Thank you, Mr. Kowalski, and the Catholic War Veterans for this glorious day. Mr. Vice President, to my colleagues, and the cabinet, to the Veterans of the United States, to Chairman Takano of the House Veteran’s Affairs Committee, on behalf of the President of the United States, welcome to Arlington.

Today, we gather to honor Veterans. Just across that river, in the 1860s, Abraham Lincoln would ride alongside ambulances full of wounded soldiers as they were taken to hospitals just north of the White House, and he would constantly ask them, “How are things going? What are you seeing?” In those days, the weary president was constantly looking for ways to honor and to respect those who carried the nation’s future on their bayonets. He knew that if we were going to have a nation at all, it would be these men who would deliver our future. He thanked, in 1864, the 189th New York volunteers when he said, “To you who render the hardest work in support of this nation should be given the greatest credit.” It was Lincoln who set the tone for what we see today as our Department of Veteran’s Affairs.

Generations after President Lincoln, Sergeant Alvin York showed America what it means to revere our country and to revere those who defend our country. York was America’s greatest hero. But having returned from World War I, he was besieged by advertisers and Hollywood types begging for his endorsement so he could profit from his heroics. He declined all those offers as only a mountain man from East Tennessee could. He said, “This uniform ain’t for sale.”

Years later, as the guns of Europe began to get closer and closer to the shore of our country, York reminded Americans again why Veterans fought. He said, “Liberty and freedom and democracy are so very precious that you do not fight to win them once and then stop. Liberty and freedom and democracy are prizes awarded only to those people who fight to win them and then keep fighting, eternally, to hold them.”

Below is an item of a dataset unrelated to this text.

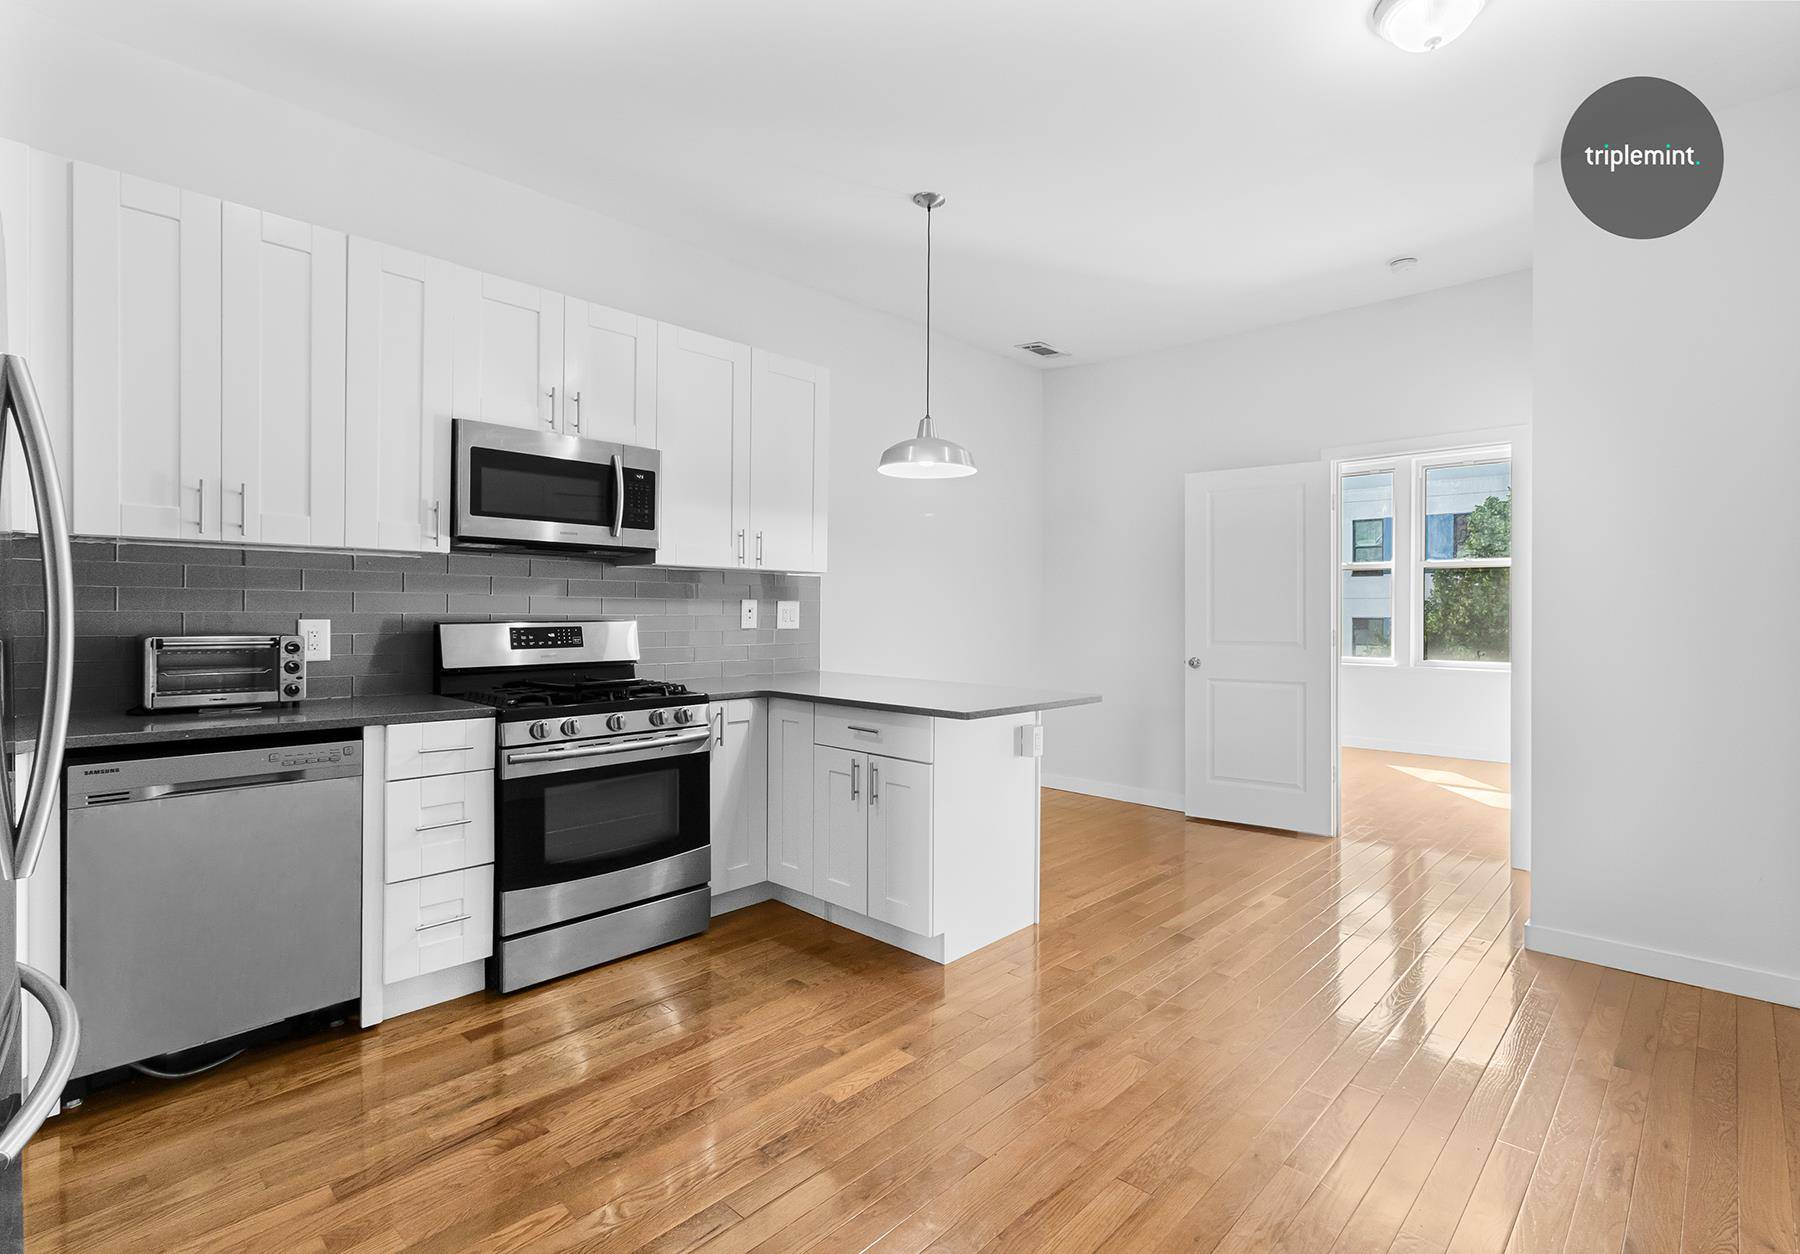 Great 3BR flex 4BR Gorgeous kitchen with plenty of counter space Hardwood floors throughout the apartment Fully modern tiled Bathroom CENTRAL AC Washer and dryer in building Renovated and well ...

Sometimes, despite what our Veterans delivered, support for Veterans in this country has been fragile since Alvin York returned from France. In the 1930s, Veterans marched on this city and were greeted with tanks. Franklin Roosevelt knew what was going on. And as Veterans saw his wife pass amongst them to say that all things would come right in the end, one private from Alvin York’s division said, “They sent the Army a few weeks ago, and Roosevelt sent Eleanor.”

A soldier of the first war, Harry Truman knew what had gone wrong. And to make sure that those things didn’t happen again, he ordered his fellow Missourian Omar Bradley to take hold of the Department of Veterans Affairs, known then as the Veterans Administration. General Bradley built 150 hospitals. He administered educational benefits to 7.5 million returning Veterans. And he set America on the course for doing the right thing that it had forgotten in between the two great wars.

But things did not continue that way. When my father went to Vietnam, the tide had turned again. We forgot why we sent Americans overseas, and the wisdom of taking care of those who put this nation’s freedom on their backs. There were no welcome home parades. And my father, a senior officer in America’s most decorated combat division, was not even allowed to wear his uniform off of Fort Bragg. There was such neglect that our friends at the Vietnam Veterans of America created the most lasting slogan: “Never again will one generation of Veterans abandon another.” That must be our charge today and always. We must vow never to let those dark days return and to always be a welcoming family for those who have, as Lincoln said, “borne the battle.”

I will close today with the thoughts of the greatest of airborne warriors, Matthew Bunker Ridgway. He led the All American Division to victory in North Africa and Sicily, and General Eisenhower tasked him with leading the airborne assault on Hitler’s fortress Europe. And he planned the operations of the Screaming Eagles, the All Americans, and the Red Devils of the British 1st Airborne Division. General Ridgway could not sleep. He was so restless that he fell out of his cot. He reached for the Old Testament and into the Book of Joshua, and he pulled down the description of the Battle of Jericho and God’s promise to that great general, “I shall not fail thee, nor forsake thee.”

In 1986, General Ridgway was awarded the Presidential Medal of Freedom by Ronald Reagan. And Ronald Reagan said, “Heroes come when they are needed. Great men step forward when courage seems in short supply.” This day is about heroes, but it is also about all of those 41 million American men and women who have stepped forward when courage seems in short supply from the moment the first shots were fired on Lexington Green. It is our duty never to fail, nor forsake thee.

And it is now my high honor and distinct pleasure to introduce to you the father of a Marine Corp aviator, a man who has spent his career making sure that those who have answered the call to the colors are treated with the respect and reverence that they deserve.

It is my great honor to introduce the Vice President of the United States, the Honorable Mike Pence.